TASK MATERIAL Block Start

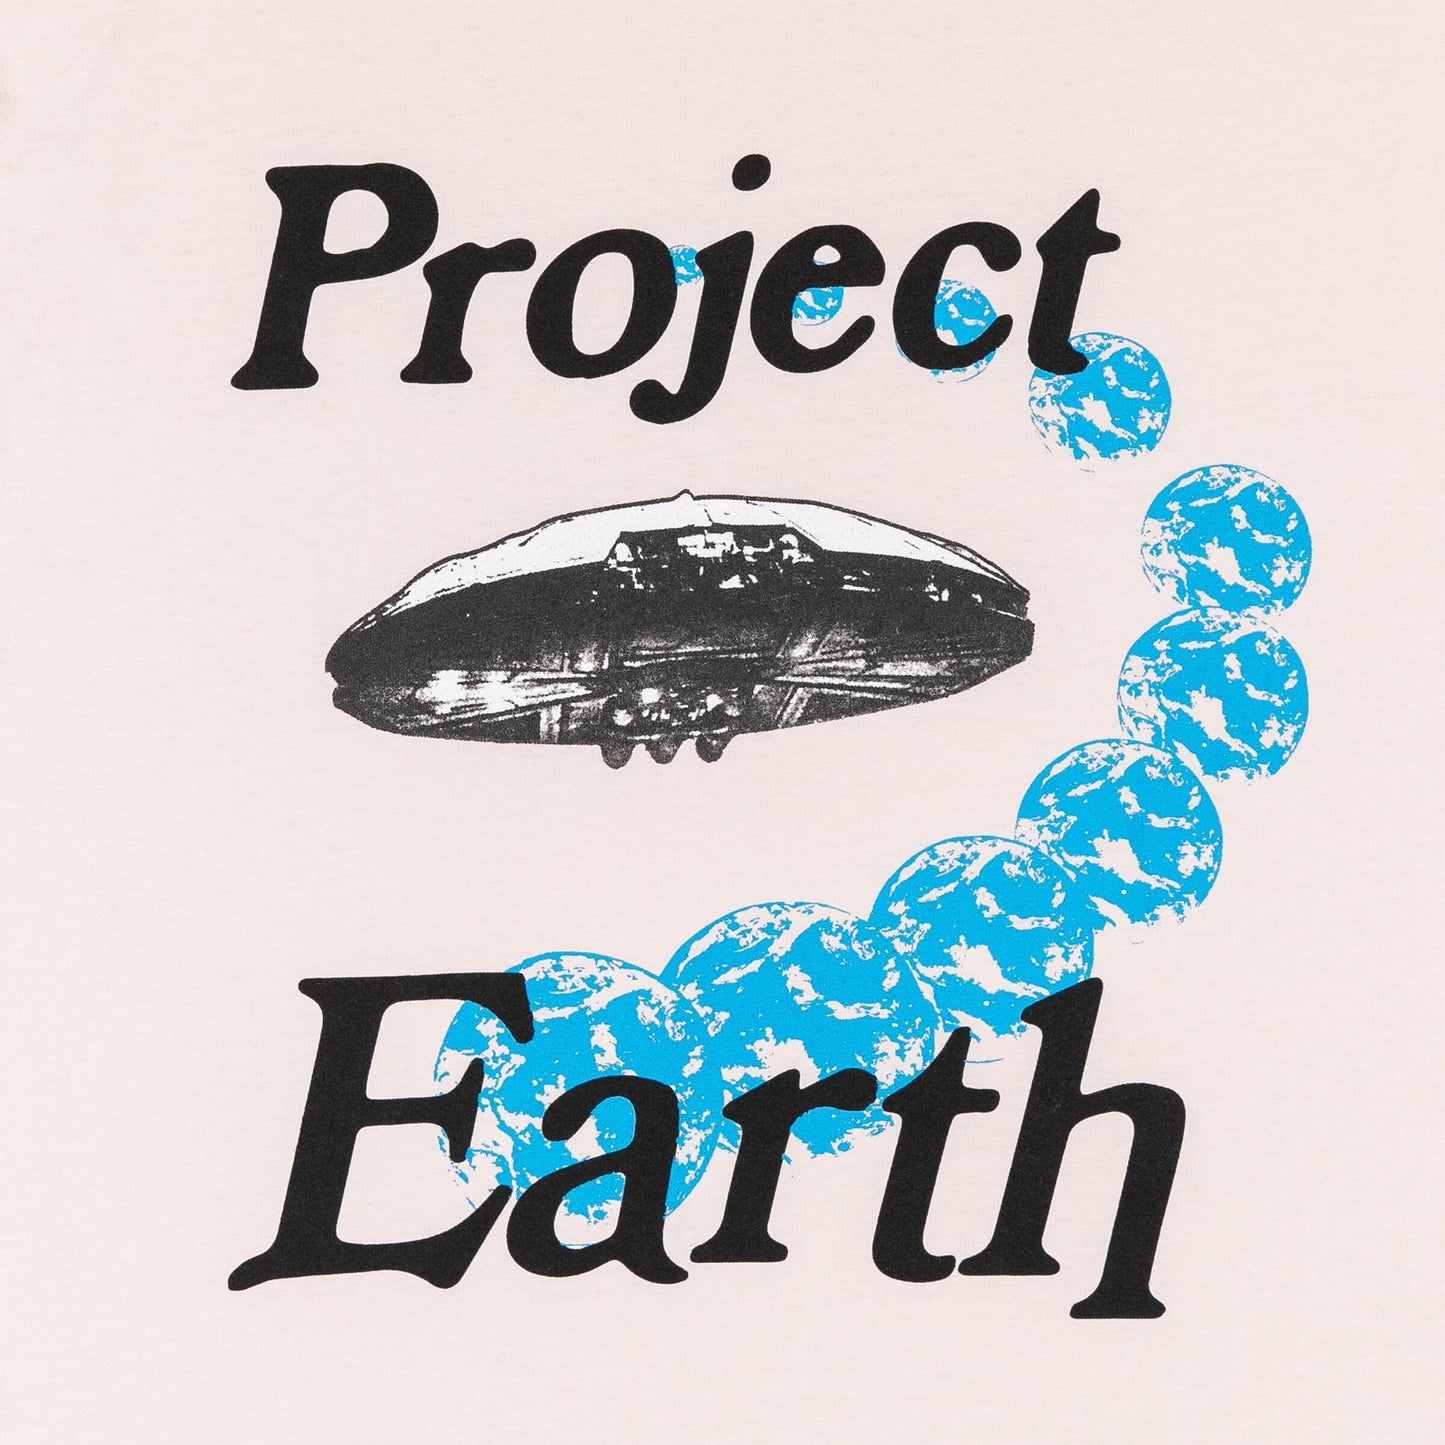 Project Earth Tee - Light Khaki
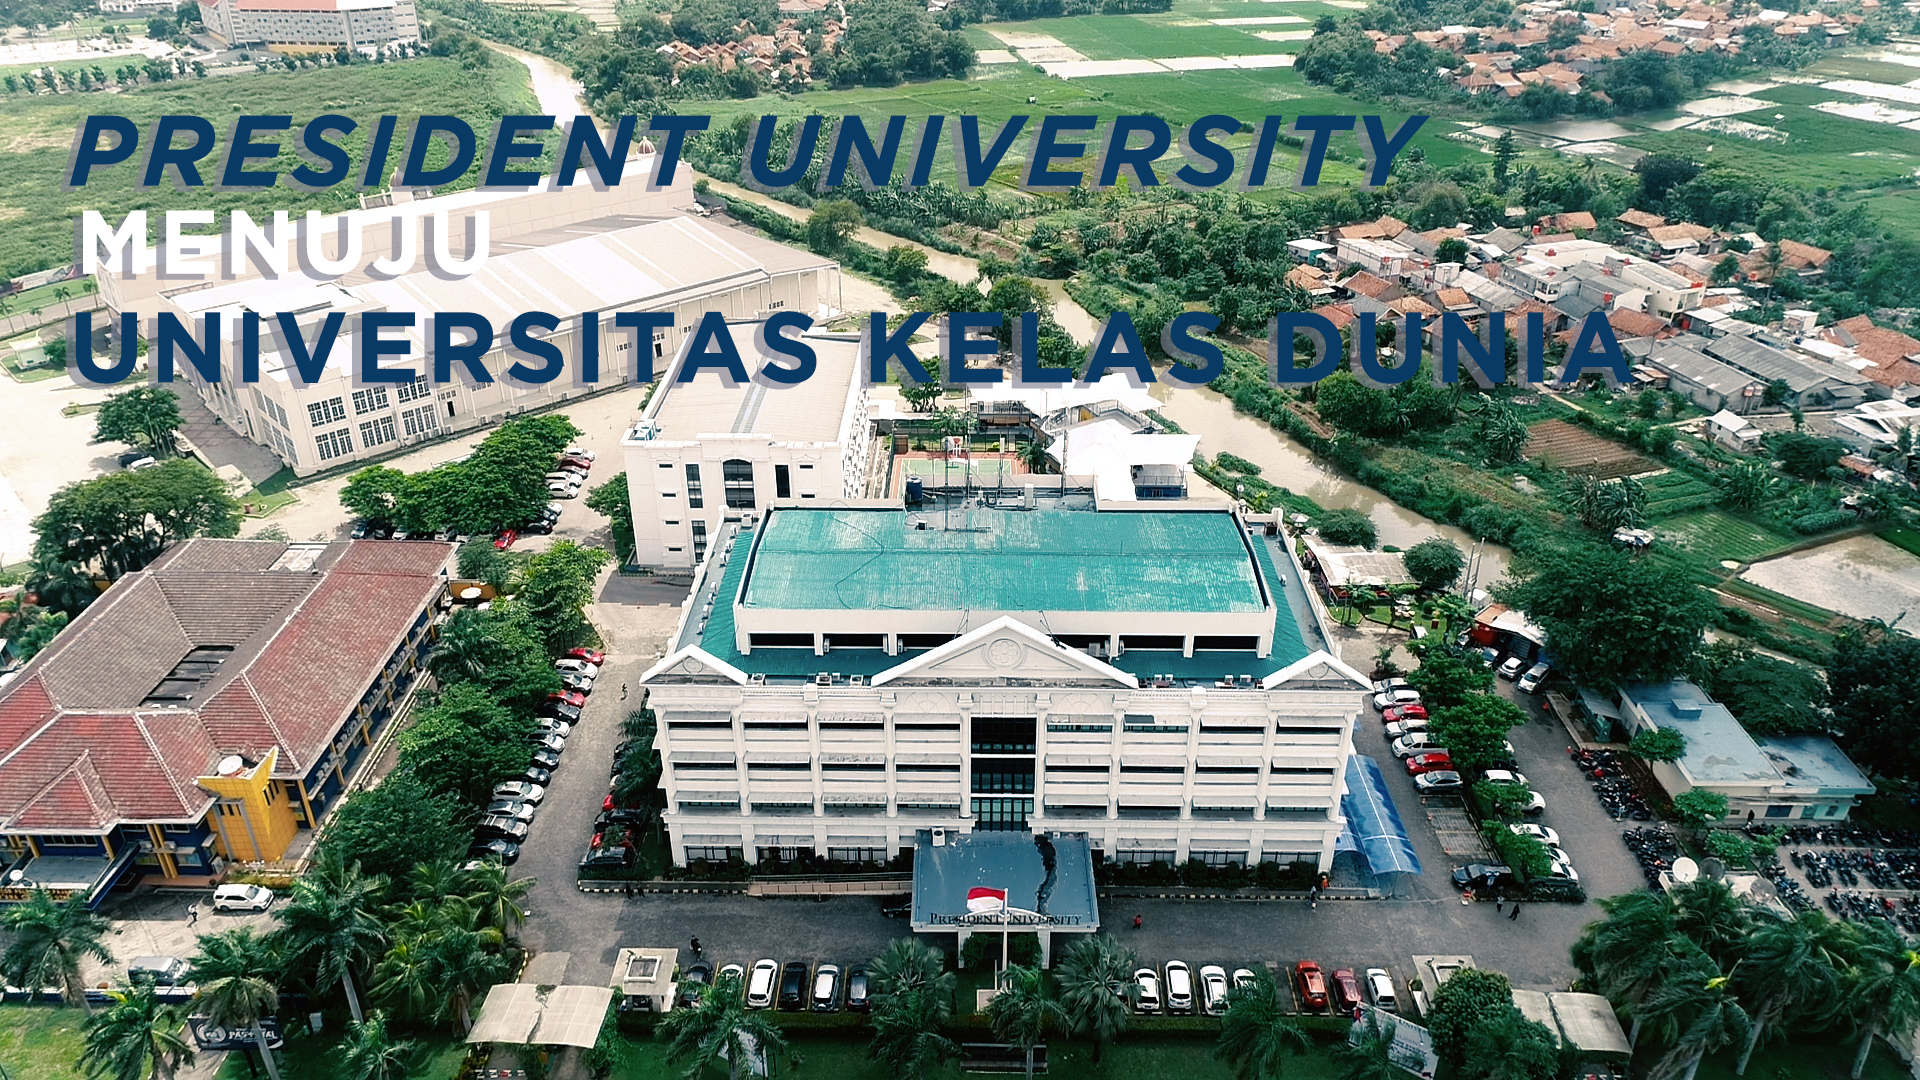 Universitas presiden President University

TASK MATERIAL Block End
TASK MATERIAL Block Start

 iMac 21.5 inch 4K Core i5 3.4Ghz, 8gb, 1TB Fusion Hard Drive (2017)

TASK MATERIAL Block End

== PROBLEM REQUIREMENTS ==
Output should consist of the lines above from the one with "Project Earth Tee - Light Khaki" down to the one with "Universitas presiden President University", exact and without pictures.

== EXERCISE RESPONSE ==
 Project Earth Tee - Light Khaki
 Universitas presiden President University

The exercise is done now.